The zoo is a member of the British and Irish Association of Zoos and Aquariums (BIAZA).

== History ==
Five Sisters Zoo originally began as an attraction in the garden centre owned by founders Brian and Shirley Curran. The couple had placed a rabbit enclosure inside the centre to entertain children while their parents shopped. The couple are passionate about animals and began to accept rescued animals for the public and zoos. Early arrivals included a hedgehog, a 28-year-old ring tailed lemur from Edinburgh Zoo, animals from Gorgie City Farm, wallabies and an emu that were rescued from an animal sanctuary in Fife and a number of African spurred tortoises seized by customs inspectors. The zoo officially began in 2005 when it was granted a licence to display wild animals to the public.
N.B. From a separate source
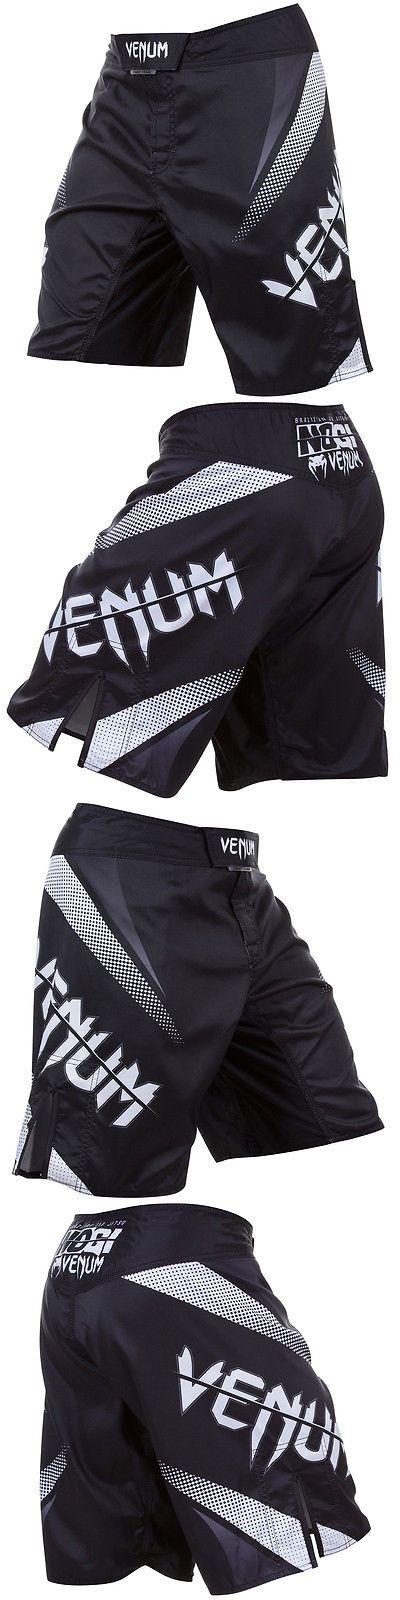 Shorts 73982: Venum No-Gi 4-Way Stretch Mma Fight Shorts - Small - Black -> BUY IT NOW ONLY: $67.99 on eBay!

The zoo's expansion was supported by donations from local supporters and substantial fundraising campaigns, which have funded the construction of new enclosures for larger rescue animals. Notable additions to the zoo include a £150,000 fundraising appeal in 2015 to create a habitat for four male lions rescued from a Belgian circus.

In April 2013, a fire started in the zoo's reptile house, which spread to some of the adjacent enclosures. Animals of 48 species died in this fire, including almost all the insects, snakes, lizards and tortoises housed in the building as well as eleven meerkats and a Eurasian otter. The fire was brought under control by fire crews from the Scottish Fire and Rescue Service with five fire engines and six specialist appliances involved. A faulty heating element within the reptile house is believed to have caused the fire.
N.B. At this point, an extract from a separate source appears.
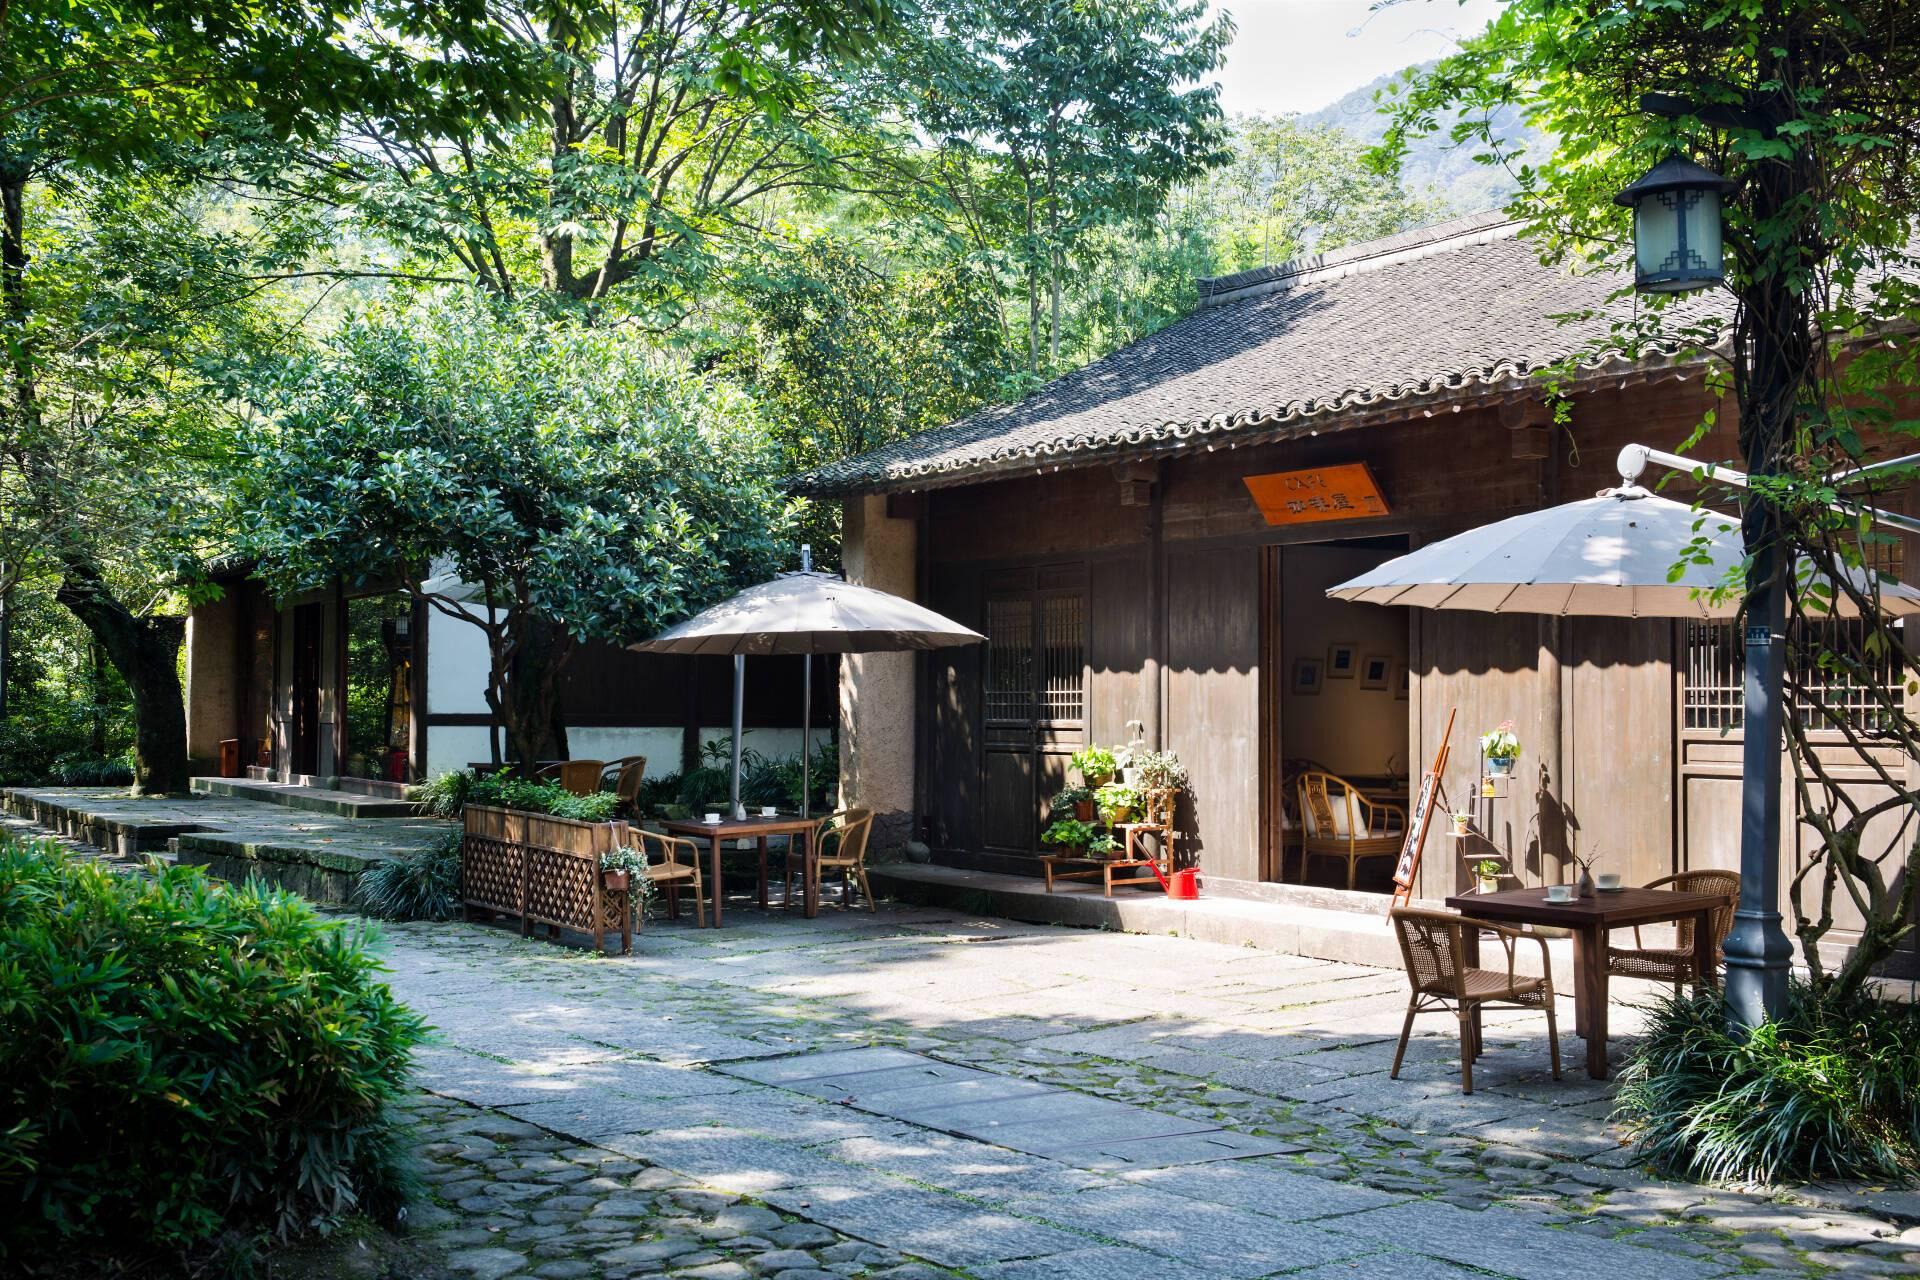 Amanfayun Hangzhou Cafe

== Animals and exhibits ==

=== Lions ===
The zoo has housed lions since 2015, when it rescued four male lions which were seized from a circus in Belgium keeping them illegally. The construction of the two-acre lion enclosure, featuring rock, a waterfall, pool and platform areas and a large, heated indoor den was supported by a £150,000 funding appeal. In 2024, the zoo became home to two lionesses that were rescued from a facility in Eastern Ukraine.

=== Asiatic black bear ===
In January 2024, the zoo re-homed Yampil, a 12-year-old Asiatic black bear that was rescued from a zoo in Donetsk province after being injured by shelling during the Russian invasion. Yampil was one of only seven survivors from the nearly 200 animals at the zoo and was discovered by Ukrainian soldiers when they recaptured the area in 2022. The zoo created a £200,0000 appeal was created to fund the construction of a new enclosure for the bear. Yampil died following an anaesthetic procedure in July 2024 during treatment for ongoing health problems.

=== Ring-tailed lemur ===
The zoo was home to the world's oldest ring-tailed lemur, Stumpy, who died in August 2025 at the age of 39, after 20 years at the zoo. Named, for his shorter than usual tail, Stumpy had 11 offspring and 25 grandchildren that now live in zoos across Europe.

=== Other mammals ===
Other notable mammal species in the zoo's collection include arctic wolves, Asian fishing cats, black lemurs, white-faced Saki monkeys, vervet monkeys, snow leopards, Scottish wildcats, red pandas, fennec foxes, fossa, clouded leopards and cheetahs.